Poultry (all types) 165°F / 74°C (no rest needed). Ground meats (beef, pork, lamb) 160°F / 71°C. Whole cuts beef, pork, lamb 145°F / 63°C with 3-minute rest. Fish and shellfish 145°F / 63°C. Ham (fully cooked, reheating) 140°F / 60°C. Leftovers 165°F / 74°C. Ground meat requires higher temperature than whole cuts because surface bacteria are distributed throughout during grinding. A medium-rare whole beef steak at 145°F is safe. A medium-rare ground beef patty at 145°F is not. Always use a calibrated meat thermometer inserted into the thickest part, not touching bone.
1 US cup = 236.6ml (use 240ml for most purposes). 1 tablespoon = 14.79ml (15ml). 1 teaspoon = 4.93ml (5ml). Common: 1/4 cup = 60ml, 1/3 cup = 80ml, 1/2 cup = 120ml, 3/4 cup = 180ml. For liquids (water, milk, oil), this is straightforward. For solid ingredients, cups to millilitres is a volume conversion that still does not give you weight — you must also use ingredient density to convert to grams. The safest approach for any baking recipe: convert cups to grams using ingredient-specific density, then weigh on a kitchen scale.

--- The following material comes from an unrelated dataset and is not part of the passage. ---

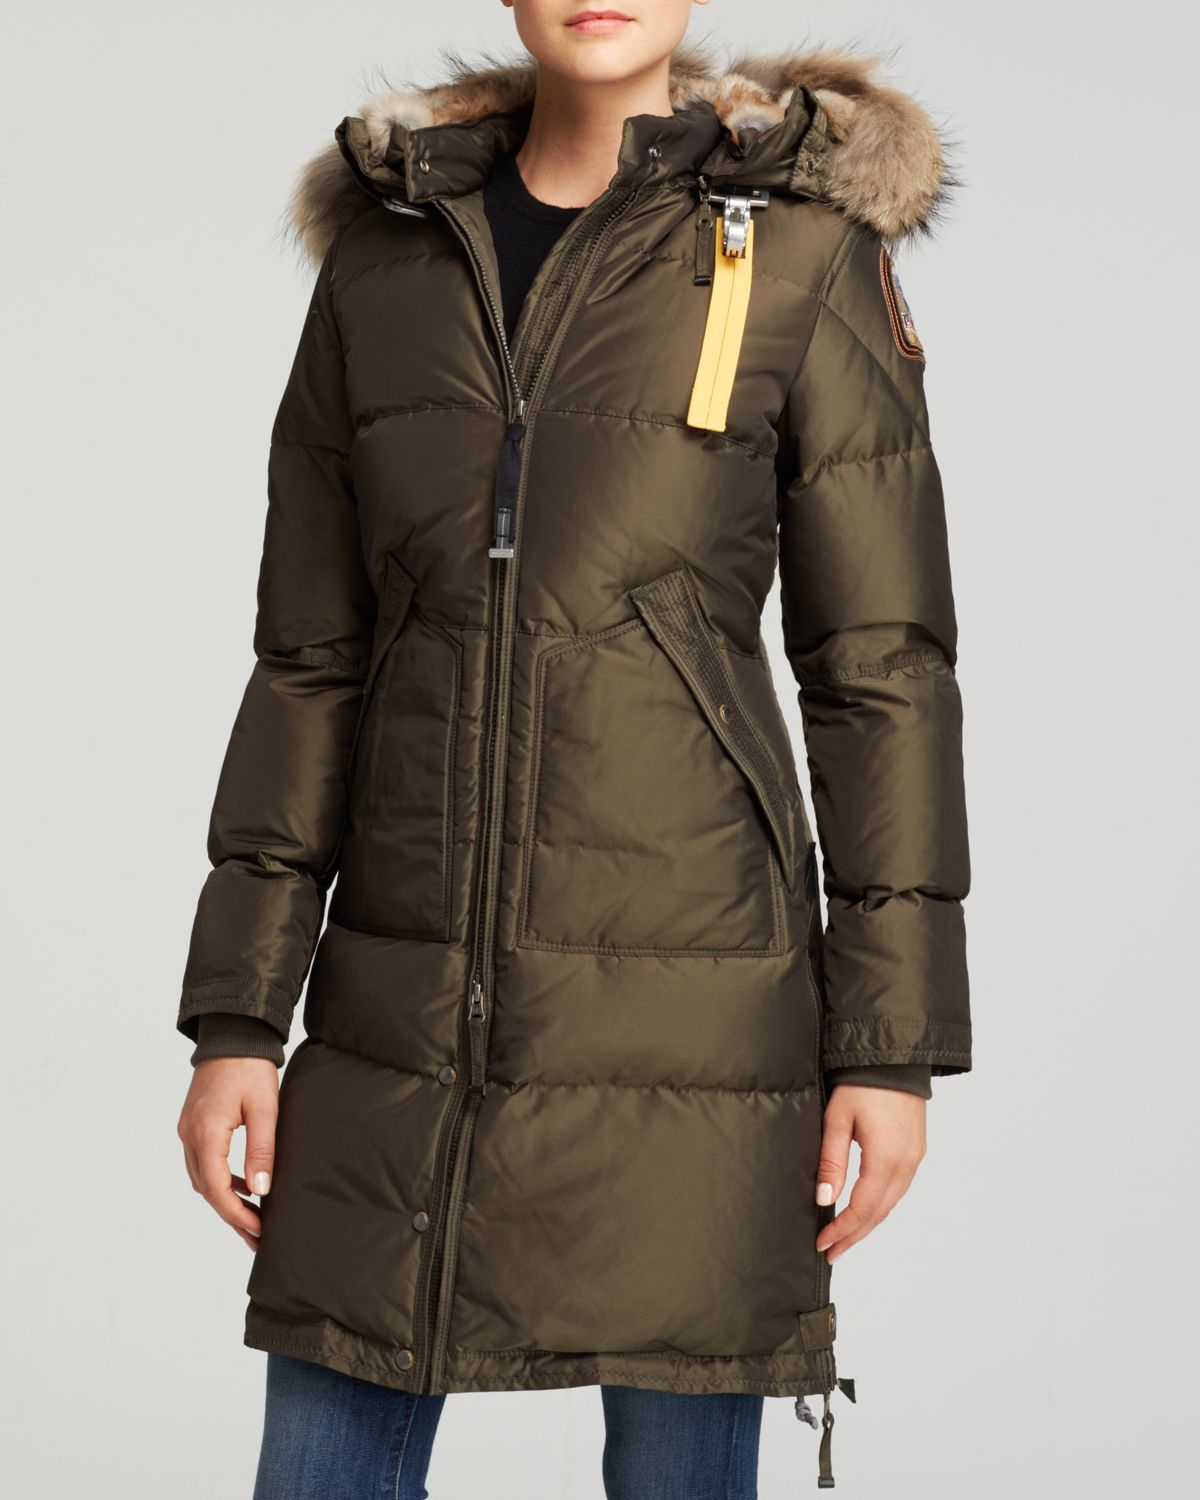 Parajumpers Long Bear Coat in Olive (Green) - Lyst

Plan 60–80 square inches (387–516 cm²) of direct cooking surface per guest served simultaneously. A 400 sq inch grill comfortably handles 5–6 guests in one batch. For 20 guests: need 1,200+ sq inches total, split between two mid-size grills or one large unit. Reserve 30–40% of total surface for indirect heat (no direct flame below) — needed for managing flare-ups, cooking thicker cuts through without burning, and resting meat while continuing to cook other items. Never plan to use 100% of grill surface as direct heat zone on a mixed menu. The BBQ grill size calculator converts guest count to recommended cooking surface including the indirect zone buffer.
No. Every food calculation runs entirely in your browser. Your ingredient quantities, guest counts, alcohol volumes, and all other inputs never leave your device. Nothing is logged or transmitted. Nutritional estimates are for general planning purposes only — they are not a substitute for laboratory analysis, registered dietitian review, or FDA-compliant labelling for commercial food products. Safe temperature data is sourced from current USDA and FDA guidelines but always verify against the most current published standards for commercial food service.